▶ _What is needed_:
Within the records below, find the line with "ON-Q Pain Pump Side Effect" and the line with "Legacy of Kain: Soul", then reproduce exactly those two lines and all lines between them, without any picture.

▶ _Records for the exercise_:
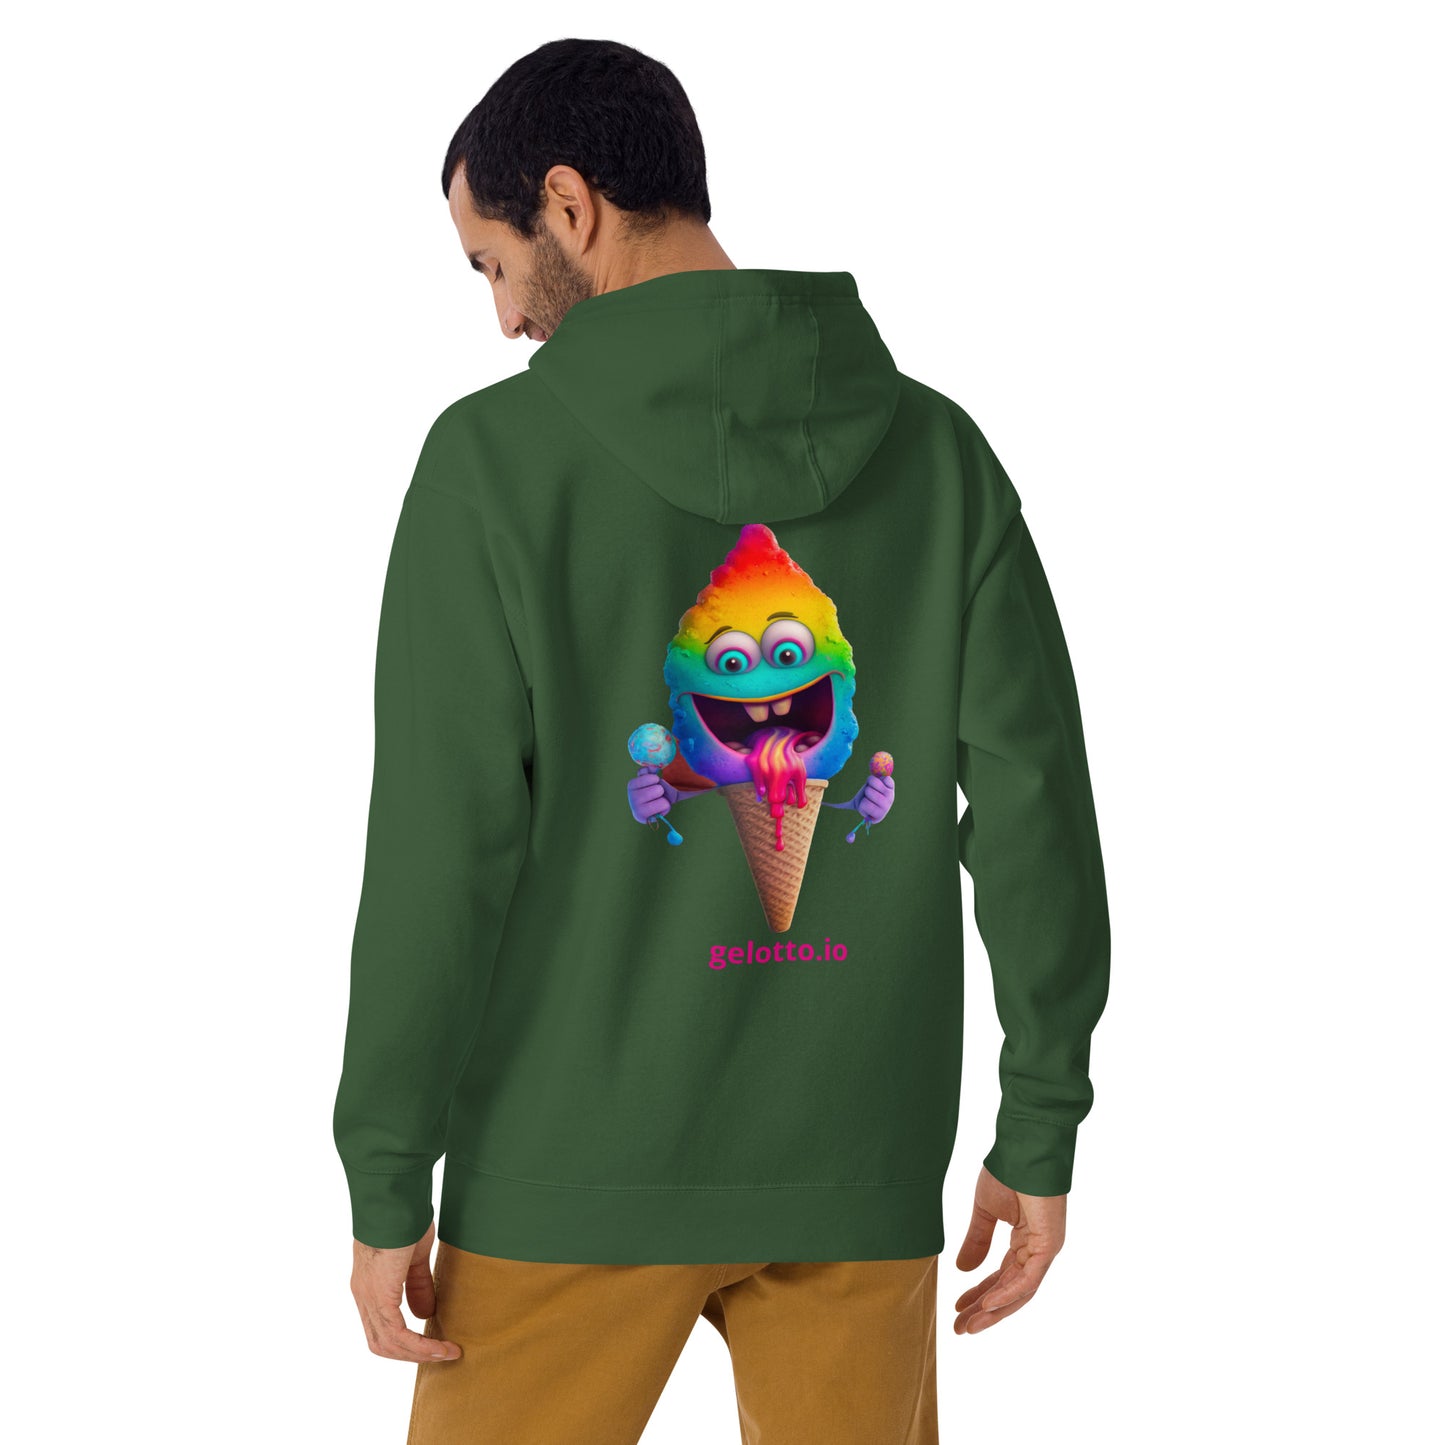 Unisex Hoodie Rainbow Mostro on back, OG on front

...

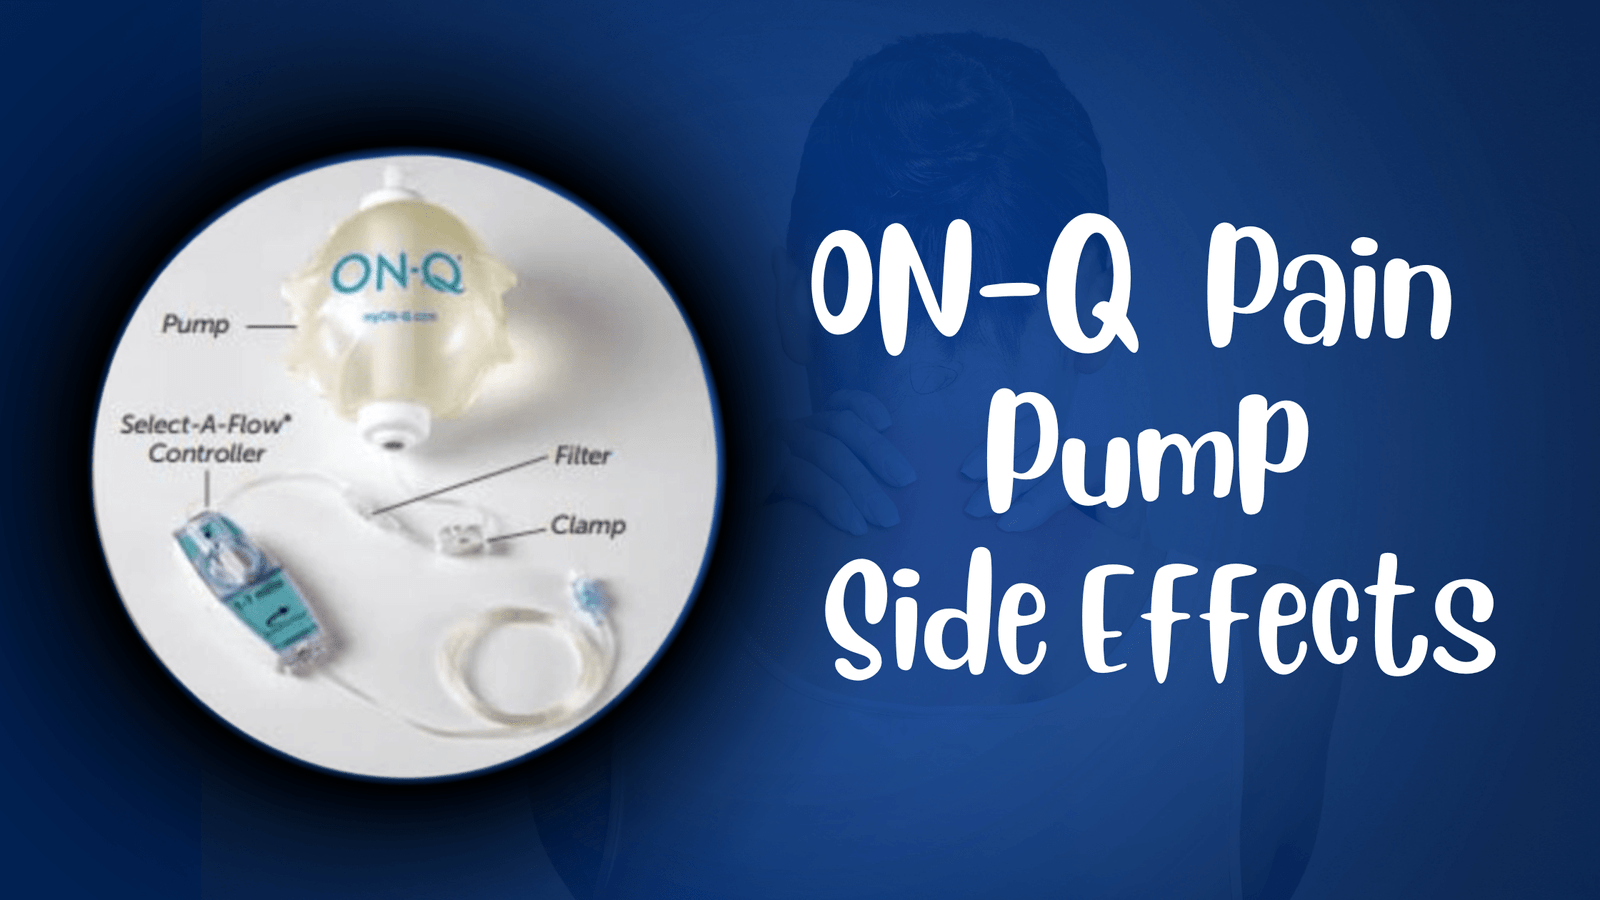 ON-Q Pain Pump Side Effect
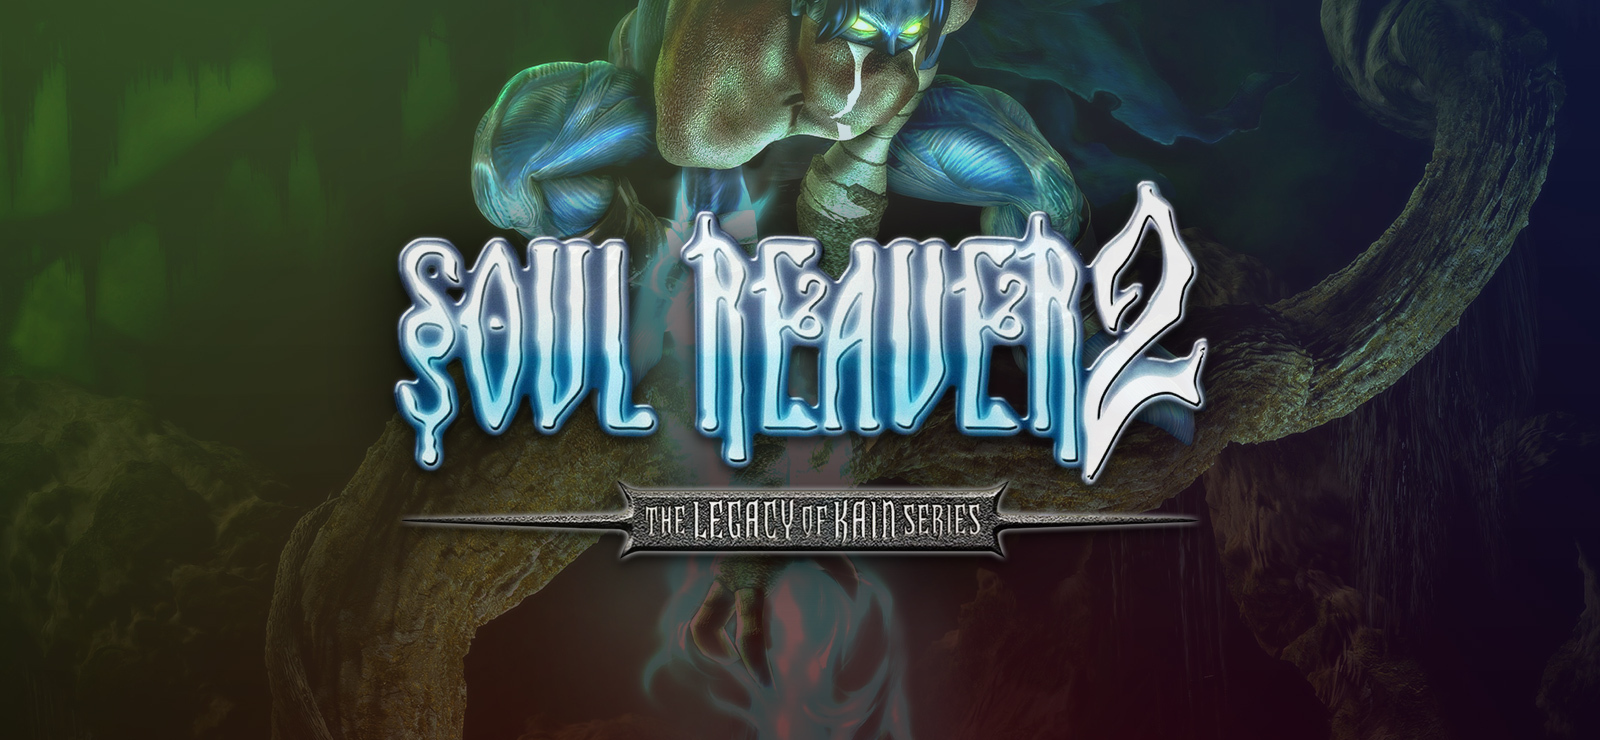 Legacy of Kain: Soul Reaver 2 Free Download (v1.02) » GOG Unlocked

▶ _Response_:
 ON-Q Pain Pump Side Effect
 Legacy of Kain: Soul Reaver 2 Free Download (v1.02) » GOG Unlocked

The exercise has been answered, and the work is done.